The PI3K/AKT signaling pathway is critical in the control of cell proliferation, survival, and metabolism, and it is dysregulated in the development of human cancers18. Oncogenic mutations in the PI3K pathway result in hyperactivation, which in turn leads to increased proliferation, decreased apoptosis, and tumor formation19. Mutations in the PIK3CA gene occur in human cancers with a high frequency20. PI3KCA is mutated in approximately 30% of all human breast cancers, with approximately 15% of human cancers expressing a mutation in the p110α catalytic domain21. These mutations result in the expression of a constitutively active form of the enzyme, which has been shown to transform cells in vitro and increase tumorigenicity in xenograft models in vivo22–24.

In this study, we demonstrated that transfection of the miR-152-3p mimic in HCC1806 cells resulted in a significant reduction in PIK3CA expression, while transfection with the corresponding inhibitor had the opposite effect. The binding effect of miR-152-3p on PIK3CA 3′-UTR in HCC1806 cells was also investigated. Thus, we demonstrated that miR-152-3p negatively regulates the expression of PIK3CA via targeting the 3′-UTR of PIK3CA in HCC1806 cells. Similarly, miR-422a has been shown to act as a tumor suppressor in glioblastoma by targeting PIK3CA25. Our study suggests that miR-152 might directly mediate the expression of PIK3CA. Whether this effect is related to the upstream components of the PI3K/AKT signaling pathway still needs exploration.
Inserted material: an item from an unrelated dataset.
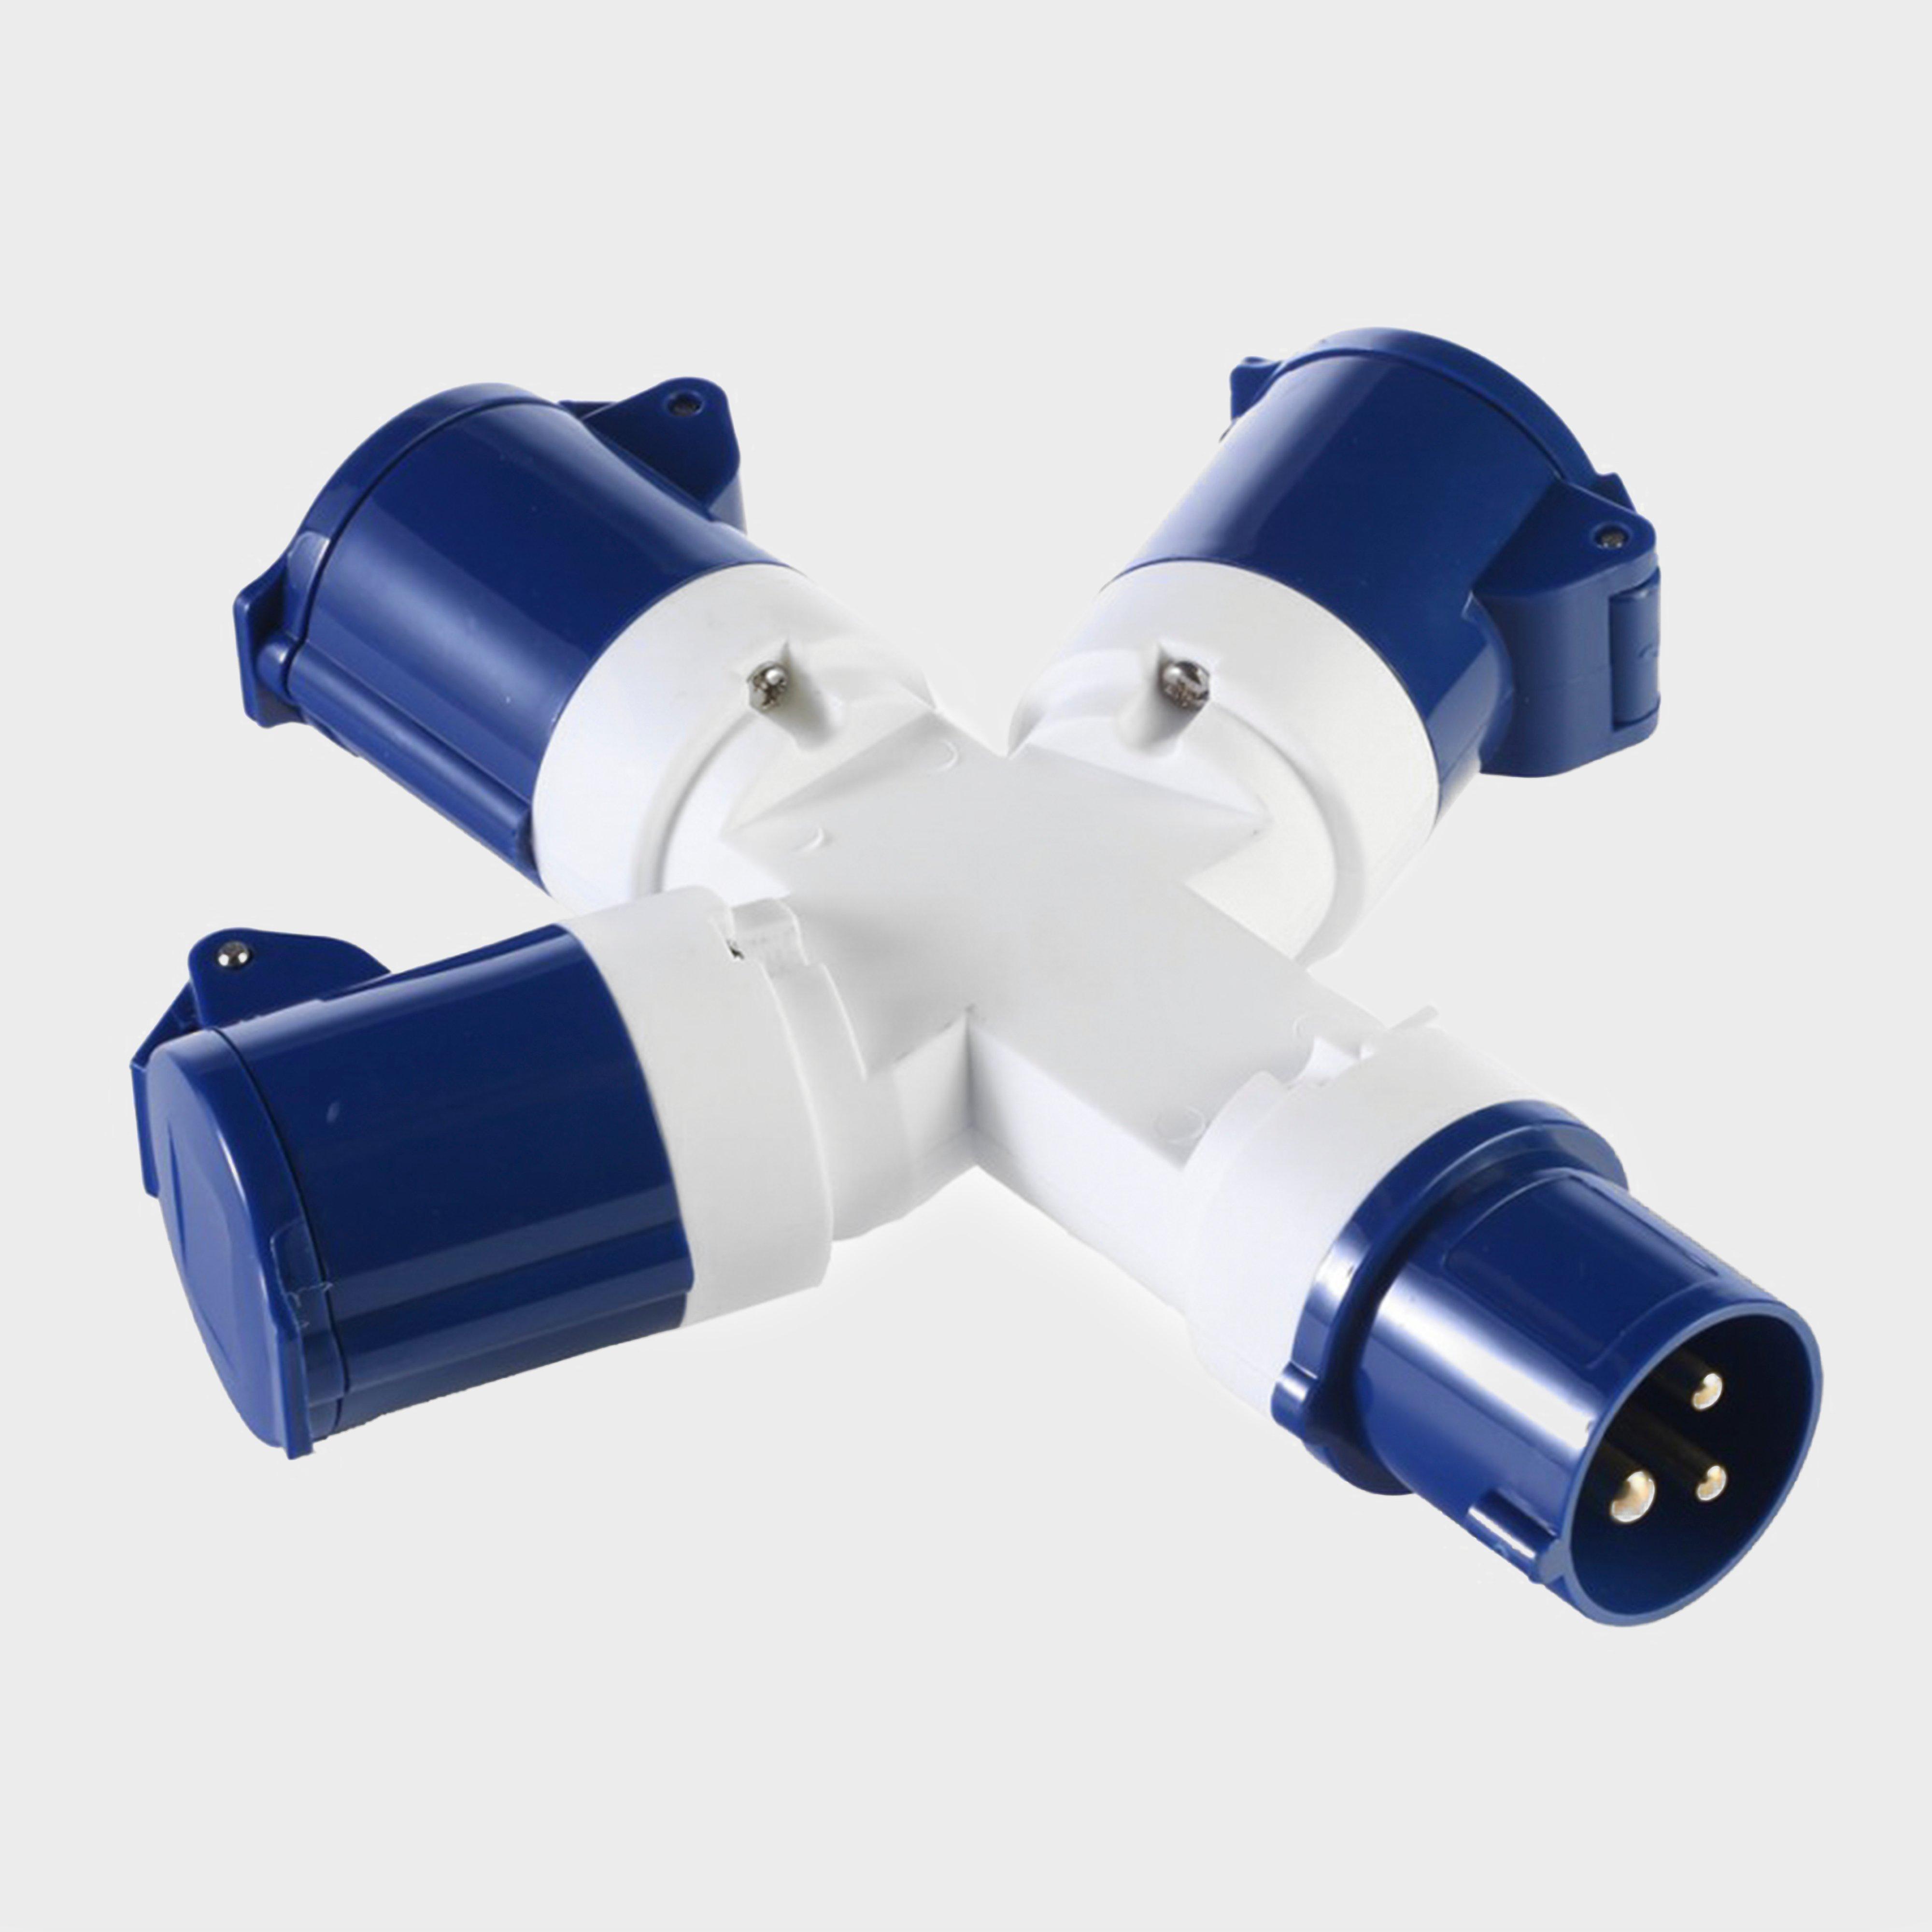 Vango Vango 3-Way Distributor Power Adapter - White, White

Although numerous genes have been predicted to be targets of miR-152, only DNA methyltransferase I (DNMT1), IGF-1R, and IRS1 have been experimentally confirmed to be targets of miR-152 in breast cancer11. DNMT1 catalyzes DNA methylation, which is important in the epigenetic control of many cellular functions. Aberrant hypermethylation of miR-152 has been proven to be correlated with poor clinical outcome in mixed-lineage leukemia-rearranged infant acute lymphoblastic leukemia26. The epigenetic regulation of miR-152/DNMT1 might be involved in tumorigenesis11. Furthermore, miR-152 has been suggested to inhibit the AKT and ERK signaling pathways via targeting IGF-1R and IRS1, which were commonly upregulated in breast cancer. Thus, it could be hypothesized that miR-152 might act as a tumor suppressor by targeting PIK3CA via its interaction with IGF-1R and IRS1, which were upstream components of the PI3K signaling pathway.
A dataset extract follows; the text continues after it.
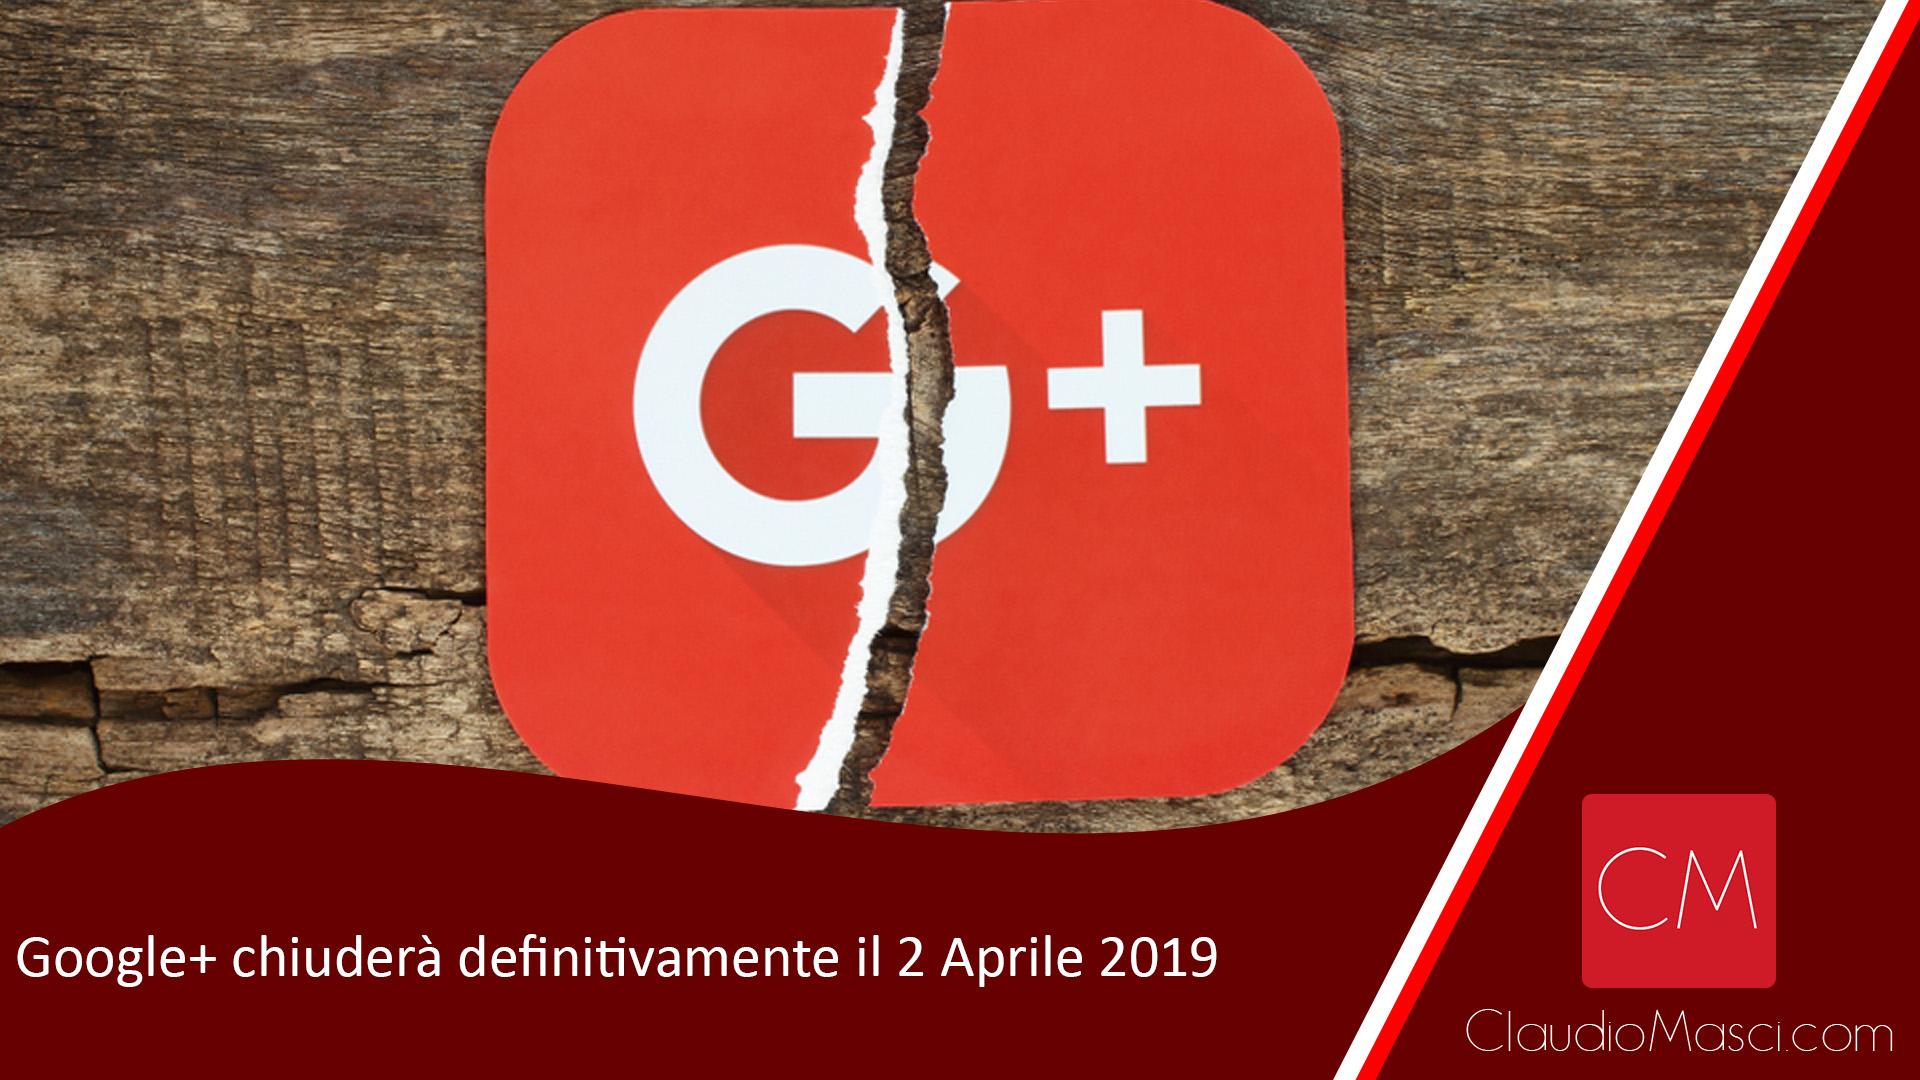 Google+ chiuderà definitivamente il 2 Aprile 2019

Some limitations of this study should be noted. First, this study was conducted in vitro using the breast cancer cell line HCC1805, and the results remain to be confirmed using in vivo models and human breast cancer tissues. Furthermore, the possible influence of transfected miR-152 on other miRNA species should be investigated to clarify the specificity of our results.

In conclusion, the results of this study suggested that miR-152-3p might act as a tumor suppressor in HCC1806 breast cancer cells via targeting PIK3CA. These findings might provide a further understanding about the mechanism of underlying tumorigenesis of breast cancer and the development of new therapeutic strategies.